■ INSTRUCTIONS FOR THE TASK
This task calls for the lines below starting at the one containing "Funny emoji set." and ending at the one containing "Room 3, Hotel Zur Post, Osnabrück", repeated exactly with both ends kept and pictures left out.

■ AVAILABLE DATA

• • • •

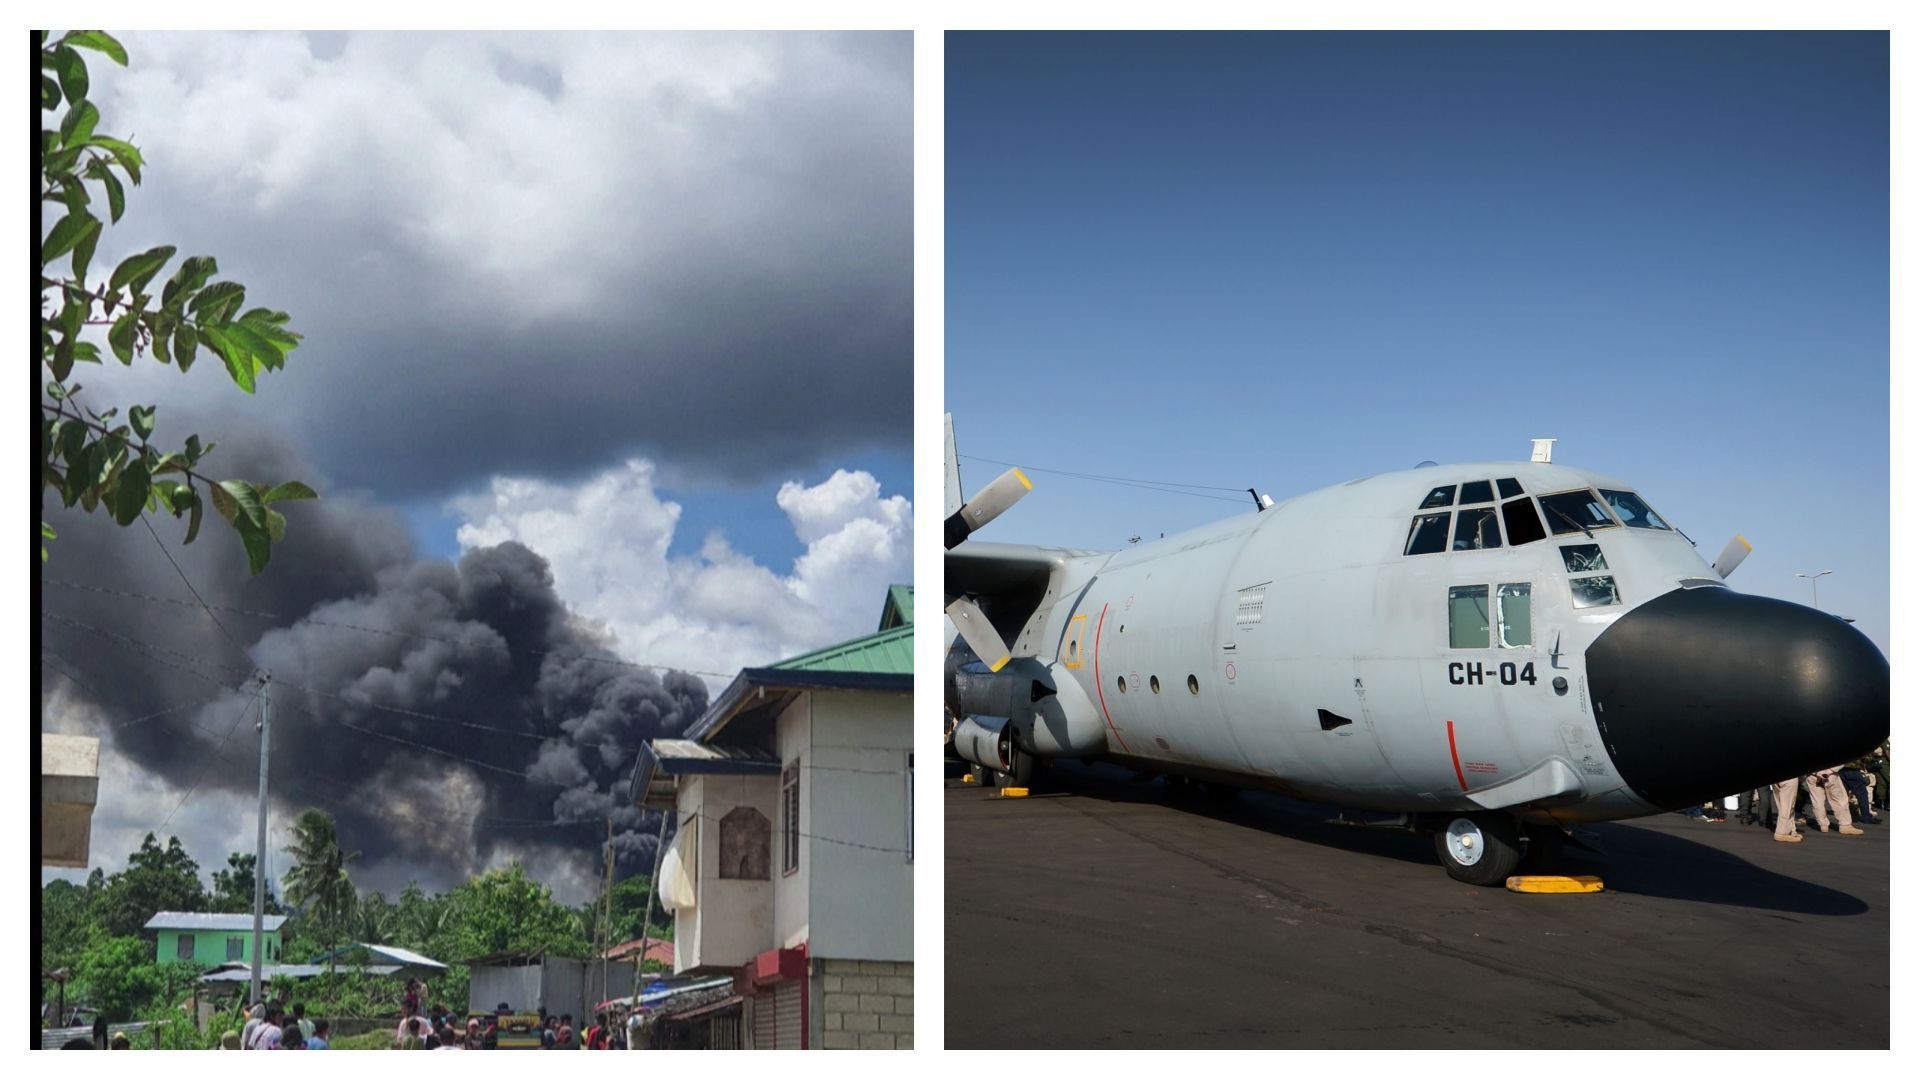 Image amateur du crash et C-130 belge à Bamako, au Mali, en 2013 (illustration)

• • • •

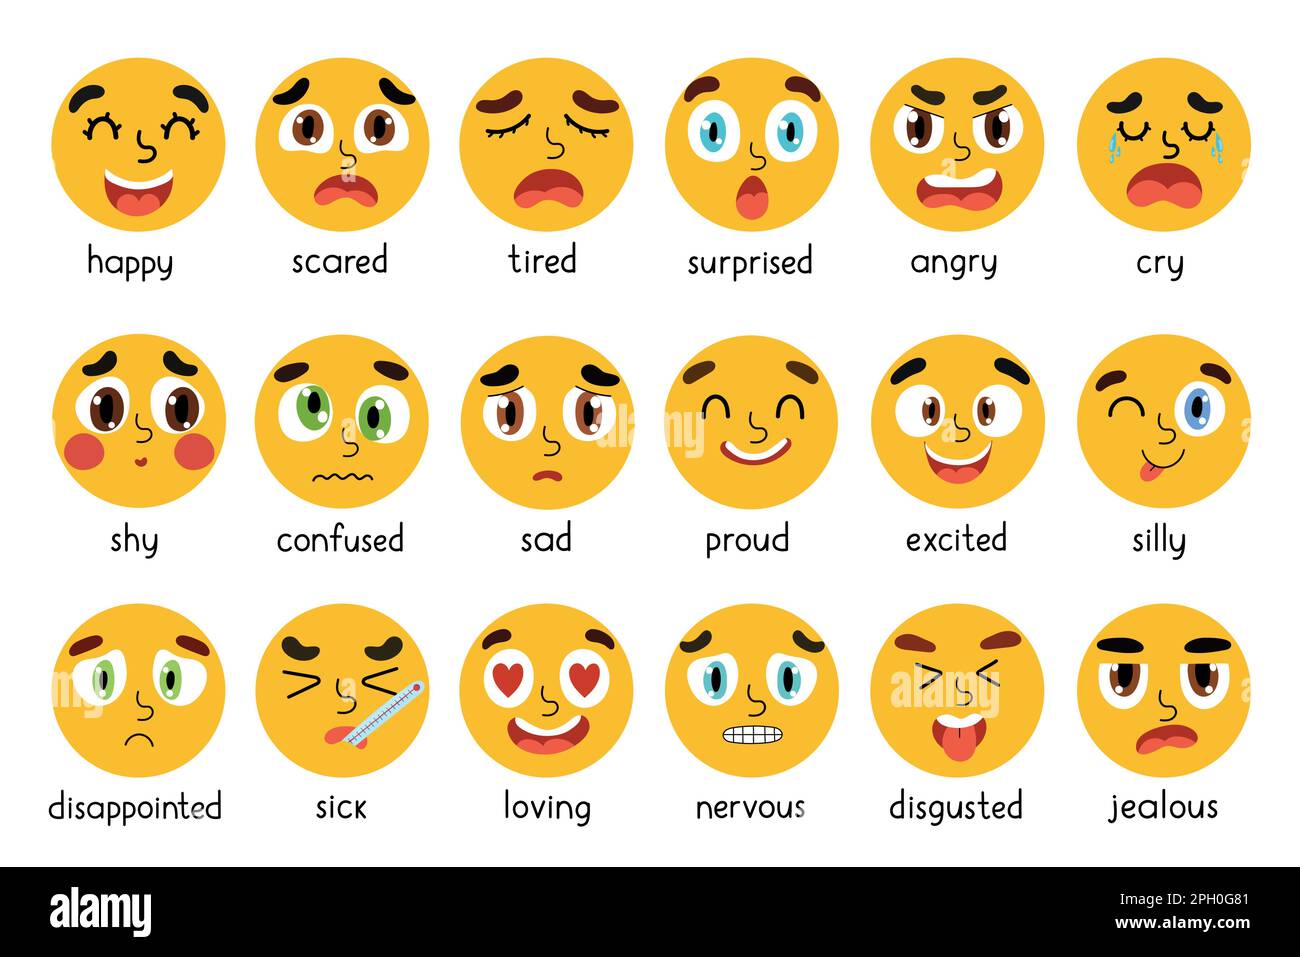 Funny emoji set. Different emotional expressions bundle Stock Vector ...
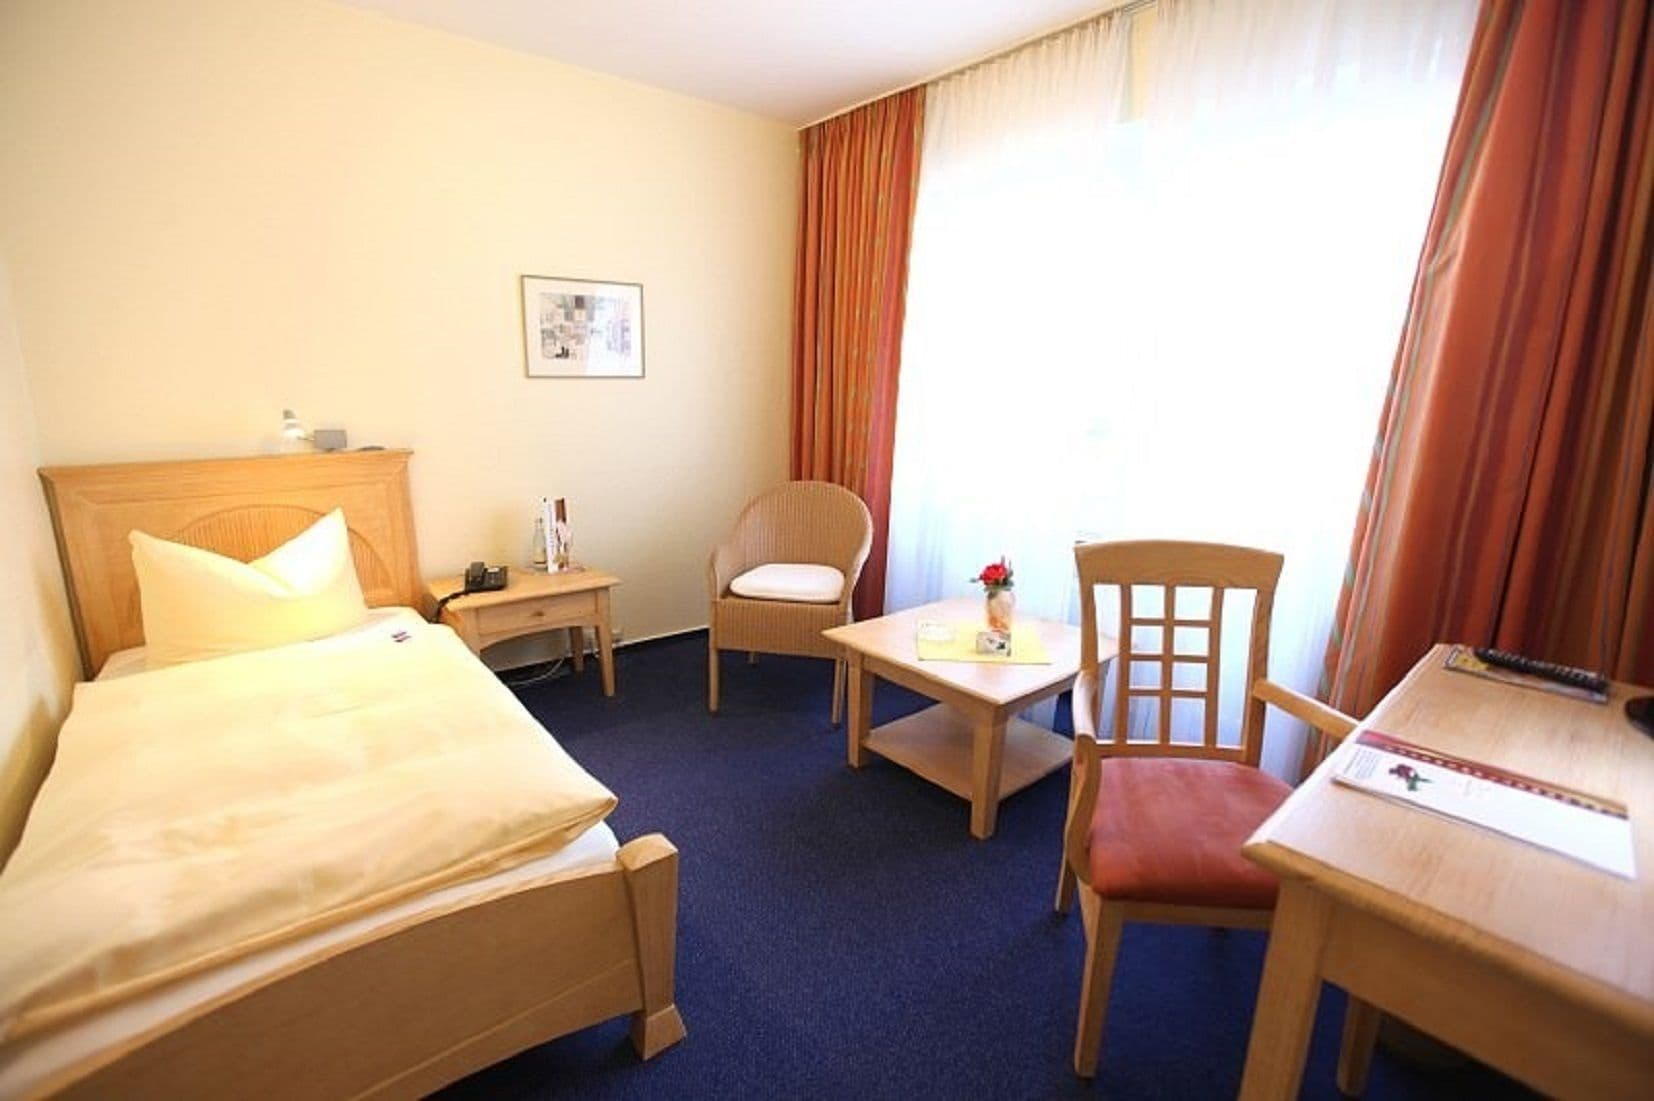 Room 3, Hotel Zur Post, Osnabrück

• • • •

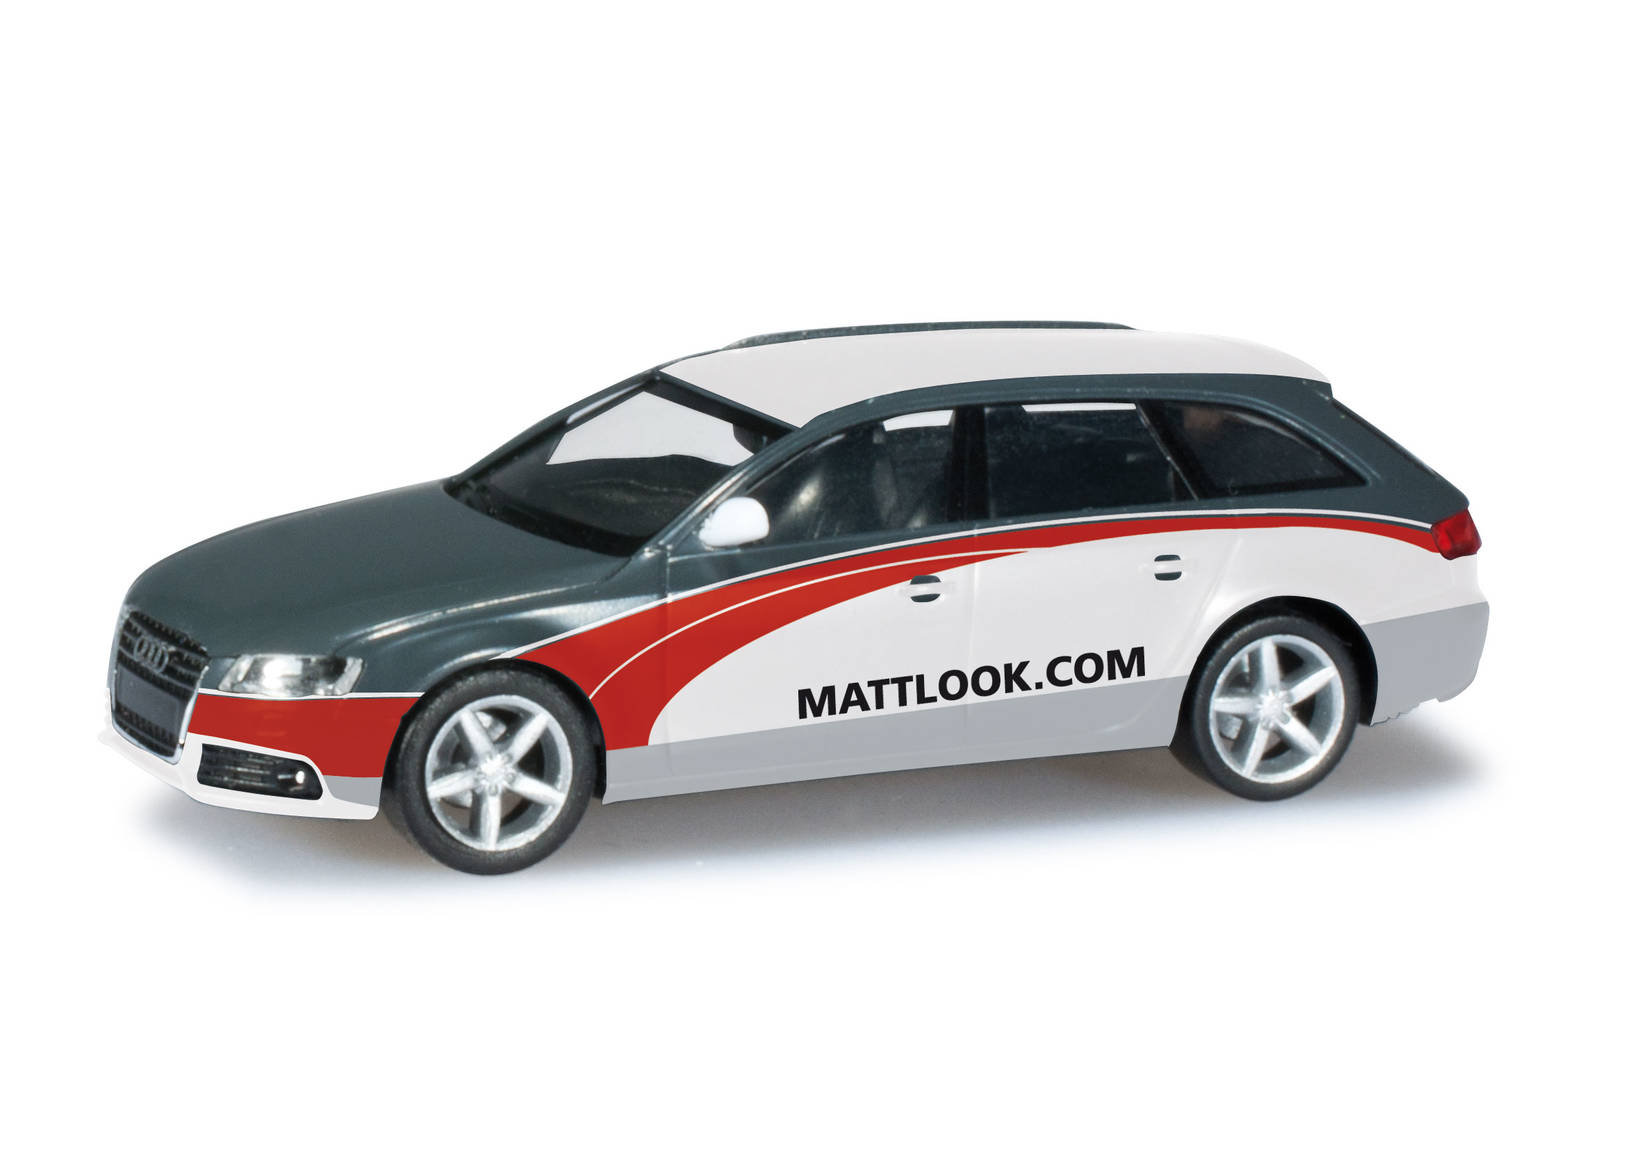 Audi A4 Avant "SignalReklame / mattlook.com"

• • • •

■ OUTPUT BELOW
 Funny emoji set. Different emotional expressions bundle Stock Vector ...
 Room 3, Hotel Zur Post, Osnabrück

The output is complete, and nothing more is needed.